■ PROMPT: Your job with the data below is to output exactly the lines from the one holding "2007 BMW 3-series" down to the one holding "Vuoi investire nella", both included, and no others.

■ DATA TO PROCESS:
=== Begin Enclosure ===

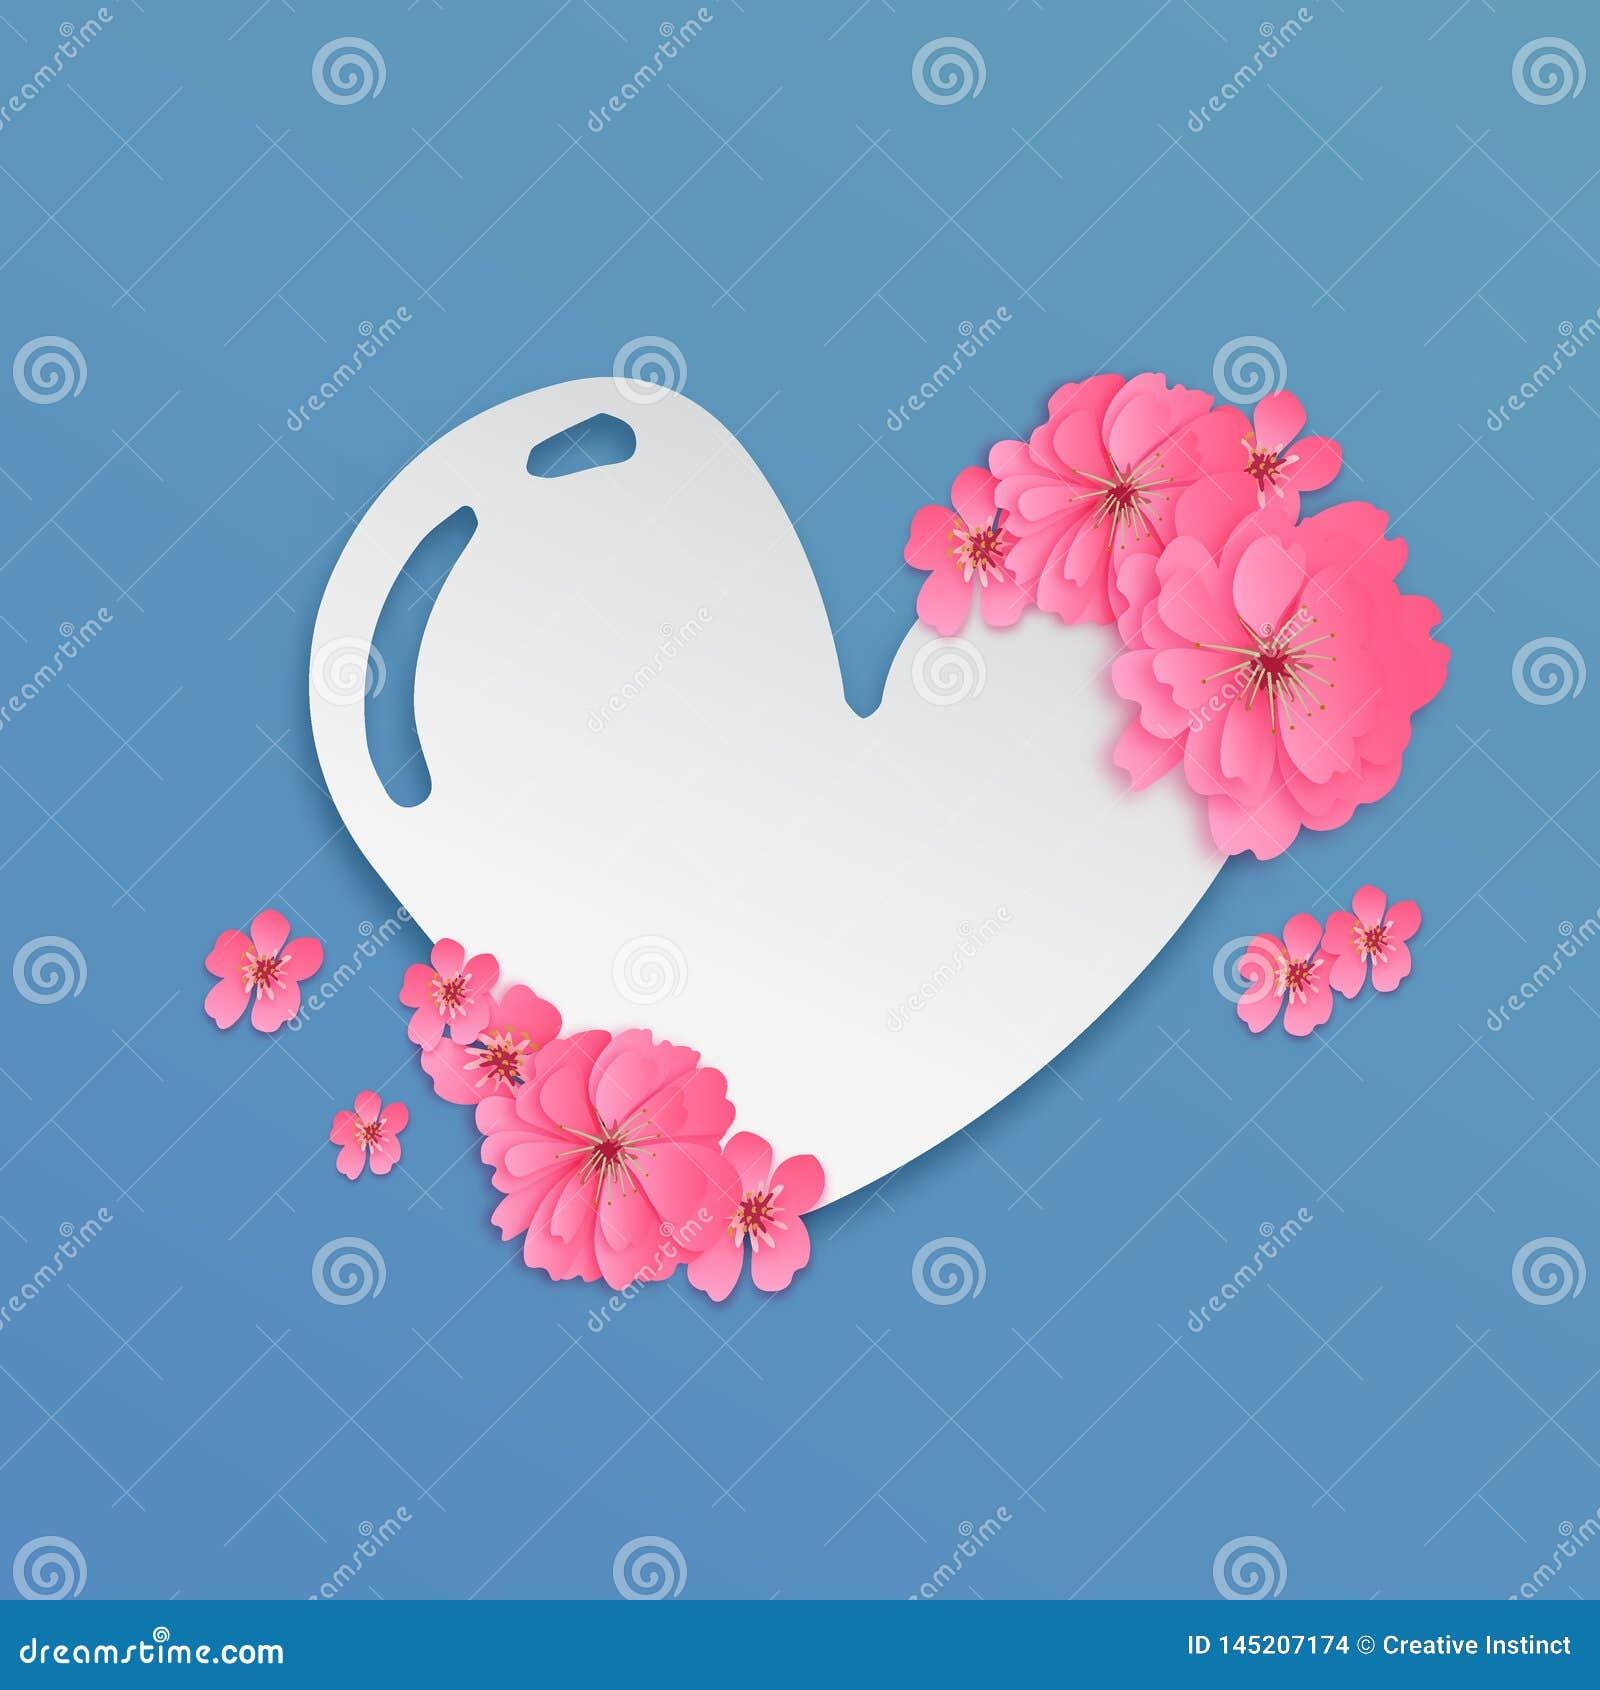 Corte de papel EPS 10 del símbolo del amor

=== End Enclosure ===
=== Begin Enclosure ===

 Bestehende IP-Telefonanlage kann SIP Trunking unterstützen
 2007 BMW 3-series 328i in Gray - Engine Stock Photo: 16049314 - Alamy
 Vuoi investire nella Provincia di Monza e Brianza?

=== End Enclosure ===

■ TASK SOLUTION:
 2007 BMW 3-series 328i in Gray - Engine Stock Photo: 16049314 - Alamy
 Vuoi investire nella Provincia di Monza e Brianza?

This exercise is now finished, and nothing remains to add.